Do you know if there is a way to get non-text out of the pipeline? I turned all the return
values into objects btu all I get at the end is a string of:
[object Object][object Object][object Object]
The marked parser is made to output HTML in string format but you don't have to use the output. The renderer functions could instead populate some object and output an empty string.
Right now though I'm unsure which
raw
components we'd even want to add up though... because it's not as simple as "ignore the parent, always add up the children" or anything (at a glance), say taking the example:> require('marked').lexer('> I am using marked.') [ { type: "blockquote", raw: "> I am using marked.", tokens: [ { type: "paragraph", raw: "I am using marked.", text: "I am using marked.", tokens: [ { type: "text", raw: "I am using marked.", text: "I am using marked." } ] } ] }, links: {} ]
The same content "I am using marked." is repeated 3 times in
raw
... and the top-most node also includes the prefix"> "
for the block quote... we'd need to know that block quote started at index0
and that paragraph started at position2
(or 3, etc, it would depend in the whitespace I imagine)...I mean I suppose we could try to write handlers for each type of token on our side... so that we analyze the
>...
prefix ourselves, then increment the index accordingly before we jump into the children... I think I was hoping it might be easier than that... the big benefit would be if we could leveragemarked
with just some very simple glue code. As soon as we have to build a whole in-between analyzer... the benefits start to disappear fast.Might be time to dig into the lexer source and poke around.
It's really a problem, and I have no idea about how to put lex
result back to the content, what I am focusing on will only be the parts which are not code, rather than everything.
Even lex
can return all information (like index) we needed for customizing the content, I still think we might need to execute the rendering tasks several times, if I want to handle different types of content, so that it definitely will slow the site.
@UziTech Is there any way we can custom the pipeline and do a step-by-step processing for the content?

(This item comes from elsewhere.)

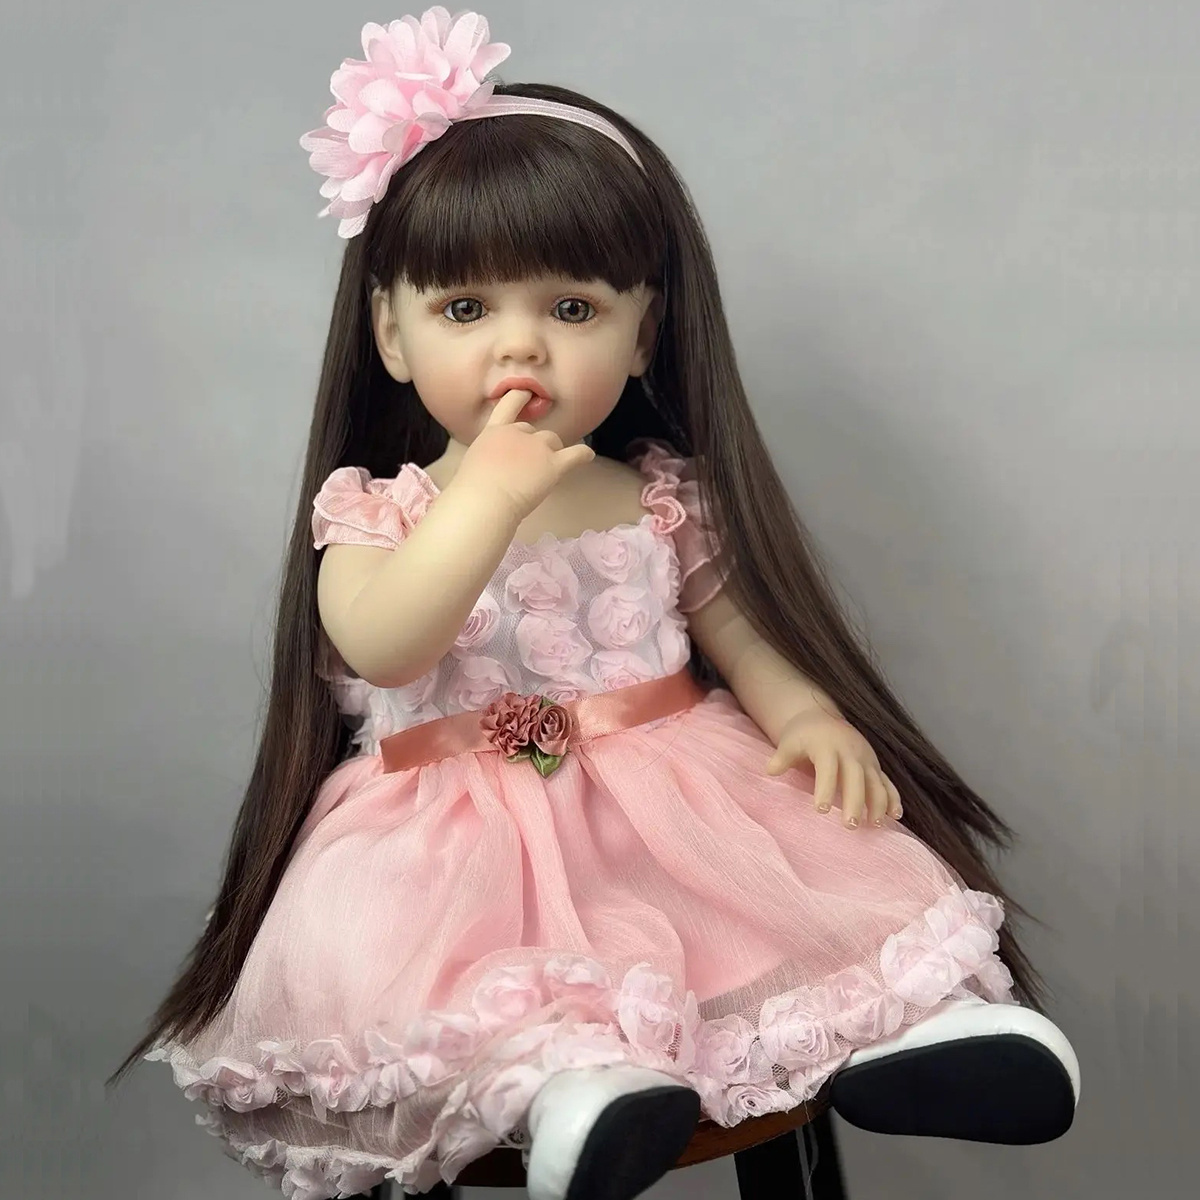 

55cm Full Body Soft Silicone Doll, 22in Princess Newborn Lifelike Art Toy, Christmas Gift

The best will be that we can even custom the tasks order in pipeline.
For example:
```code```\n\n<!-- commnents --> here\n\n```<!-- commnents -->```\n# <!-- commnents --> in heading `code`\n
marked(content, [
'code',
'custom1',
'heading',
'custom2',
]);
- Code step (Should only use code rules to handle the content):
<pre><code>code</pre></code>\n\n<!-- commnents --> here\n\n<pre></code><!-- commnents --><pre></code>\n# <!-- commnents --> in heading <code>code</code>\n
- custom parser – Comment Replacer (can use Marked's render or render content as you wish)
// Replace '<!-- custom commnents -->' into 'text' (will ignore the code block):
<pre><code>code</pre></code>\n\ntext here\n\n<pre></code><!-- commnents --><pre></code>\n# text in heading <code>code</code>\n
- heading step
<pre><code>code</pre></code>\n\ntext here\n\n<pre></code><!-- commnents --><pre></code>\n<h1>text in heading <code>code</code></h1>\n
- custom parser – Add custom links to heading
<pre><code>code</pre></code>\n\ntext here\n\n<pre></code><!-- commnents --><pre></code>\n<h1 href='#text-1024'>text in heading <code>code</code></h1>\n
- return result
I don't think I need to open a new issue for what I said above, if you prefer me to do that, let me know.